◆ WHAT YOU HAVE TO DO
Where a picture occurs in the data, omit it, and copy all remaining data exactly.

◆ INFORMATION PROVIDED
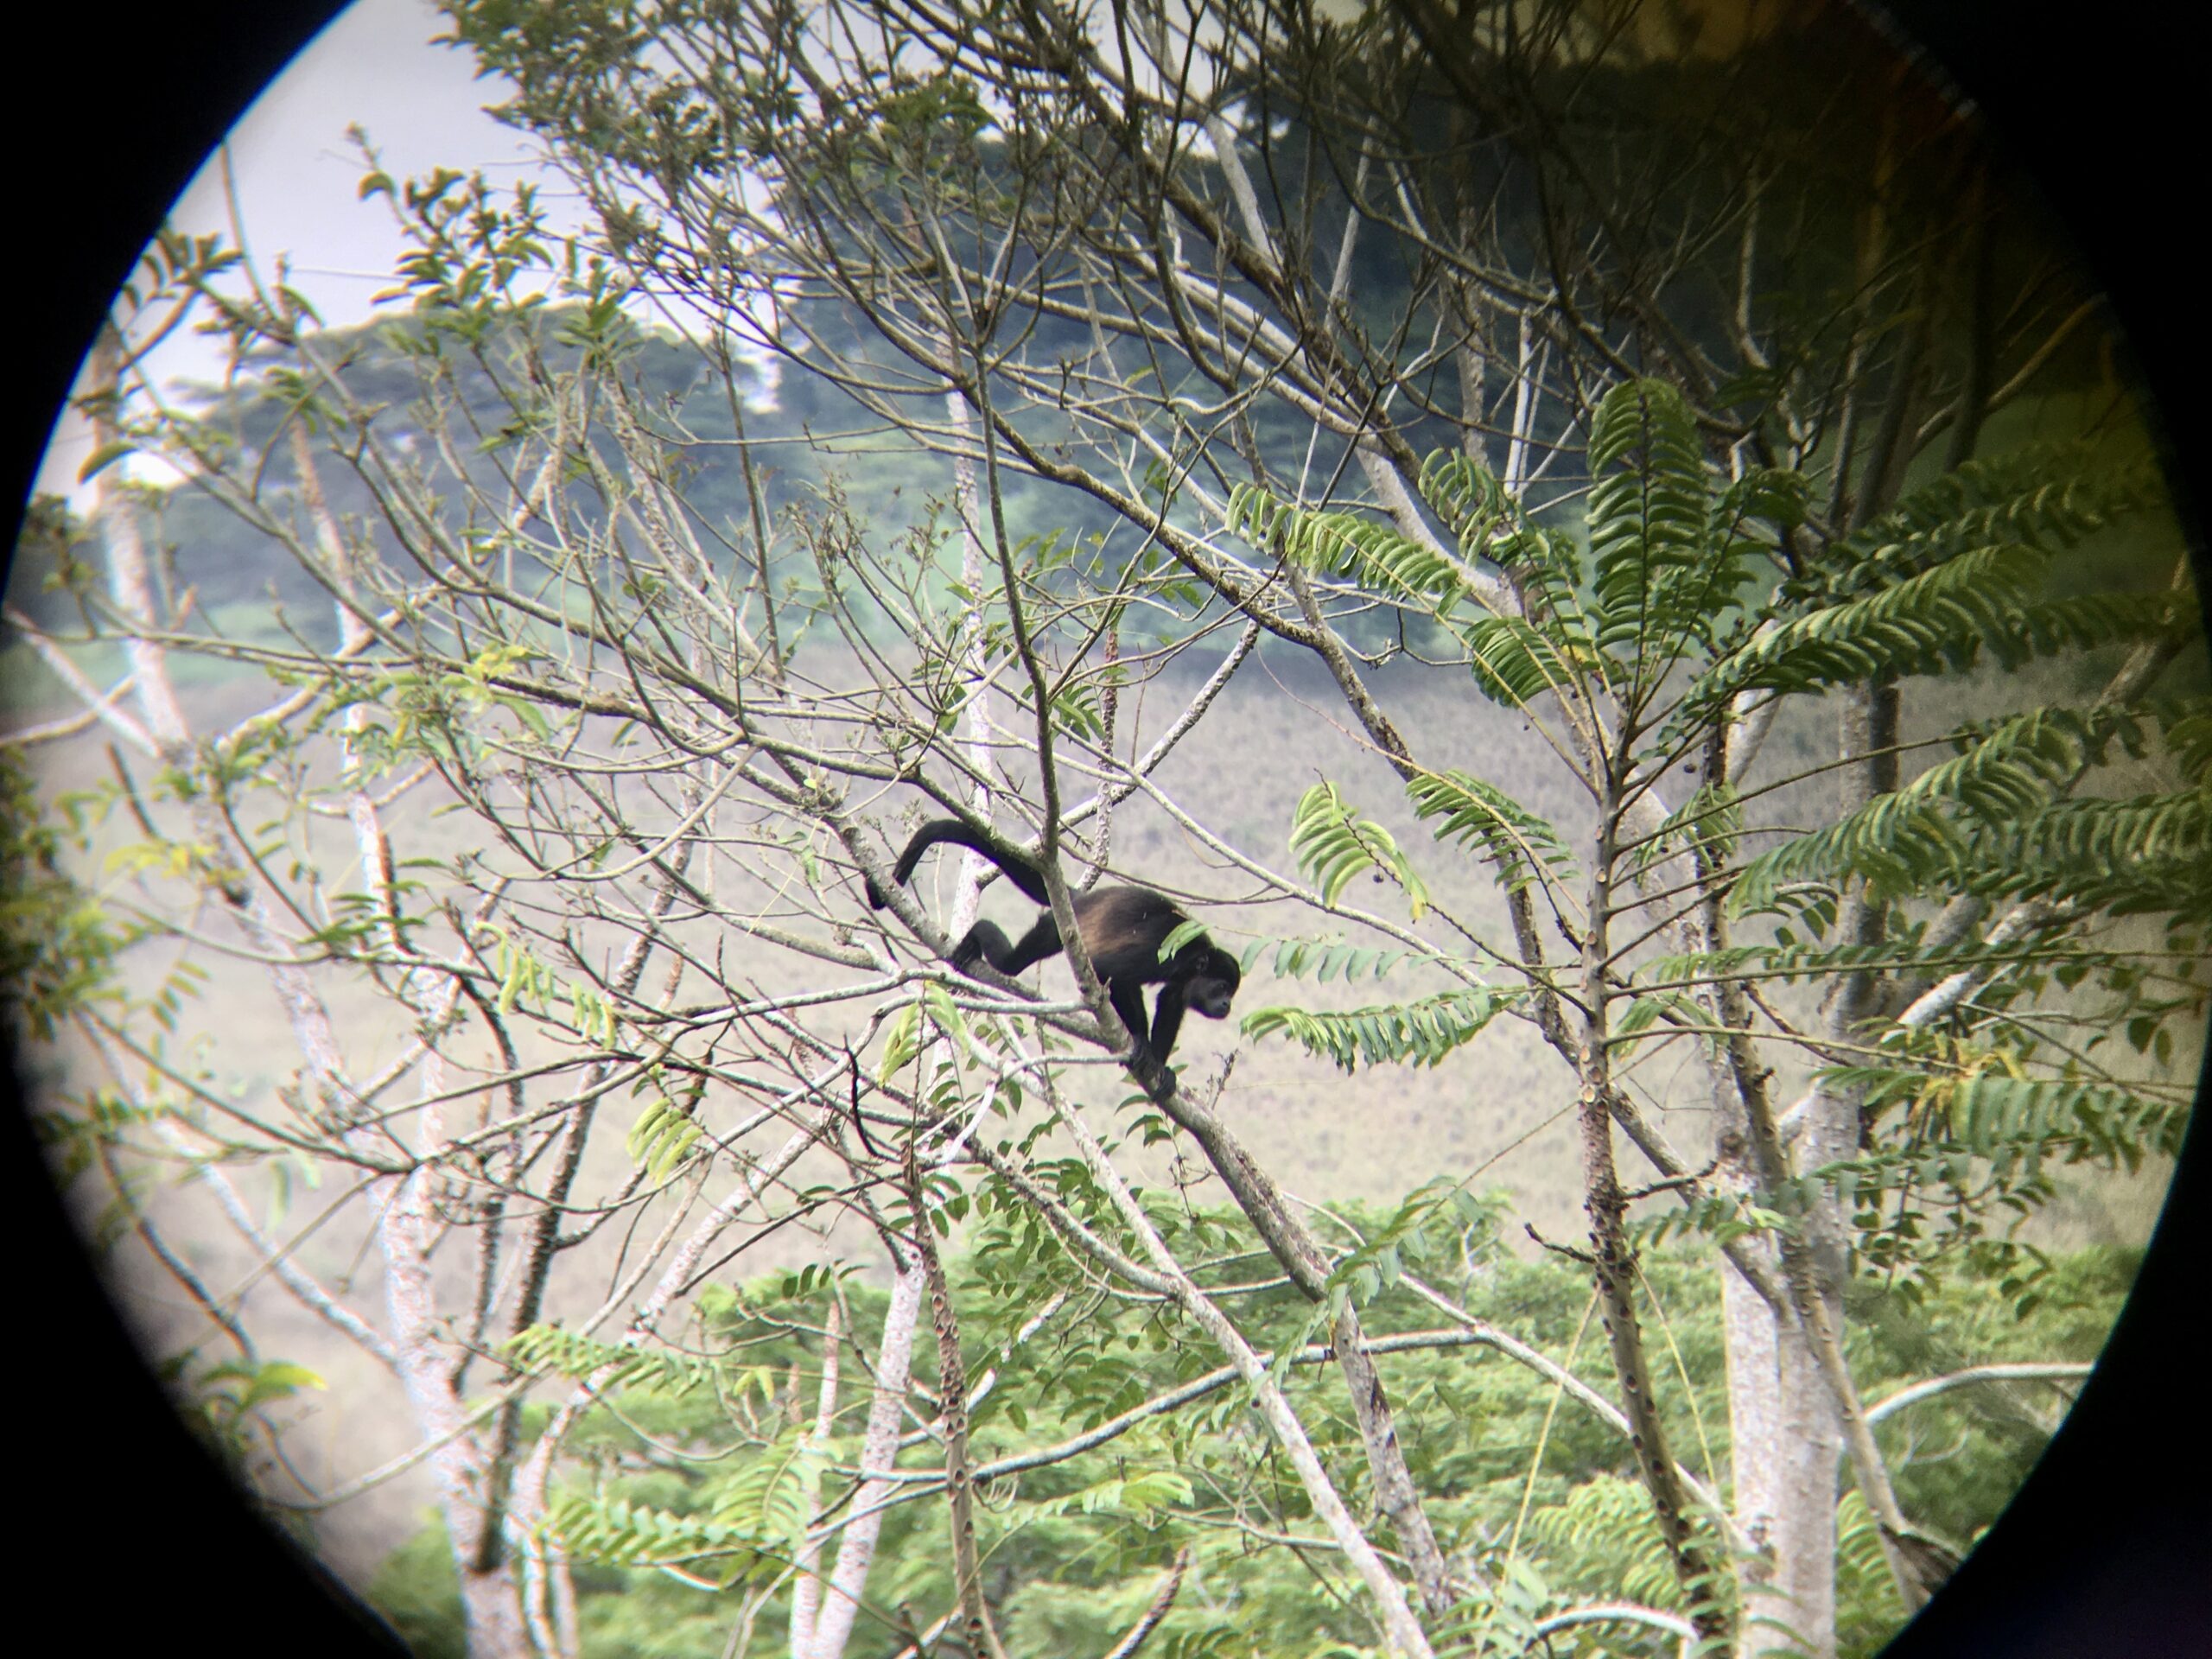 Howler and capuchin monkeys are native to this part of Ecuador
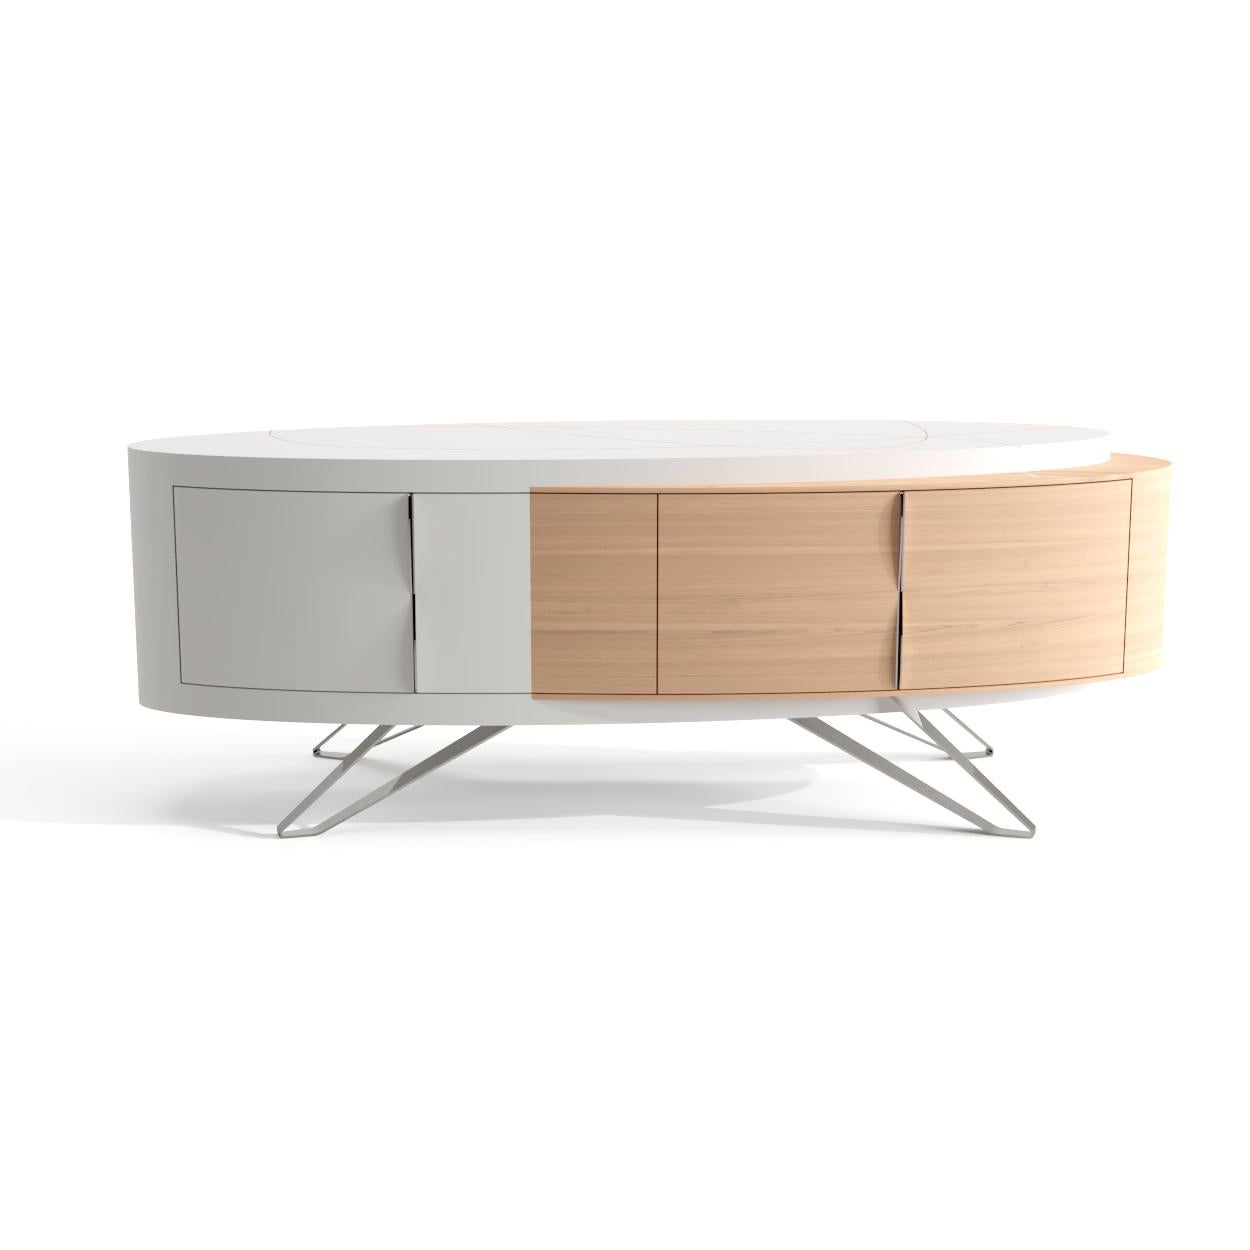 This sideboard is the star piece of the Orbit collection and is perfect for relaxed home designs, full of light and personality.

It has an oval shape, with oak wood and white lacquered wood interconnected on its body and four front doors. The feet

◆ TASK SOLUTION
 Howler and capuchin monkeys are native to this part of Ecuador
 This sideboard is the star piece of the Orbit collection and is perfect for relaxed home designs, full of light and personality.

It has an oval shape, with oak wood and white lacquered wood interconnected on its body and four front doors. The feet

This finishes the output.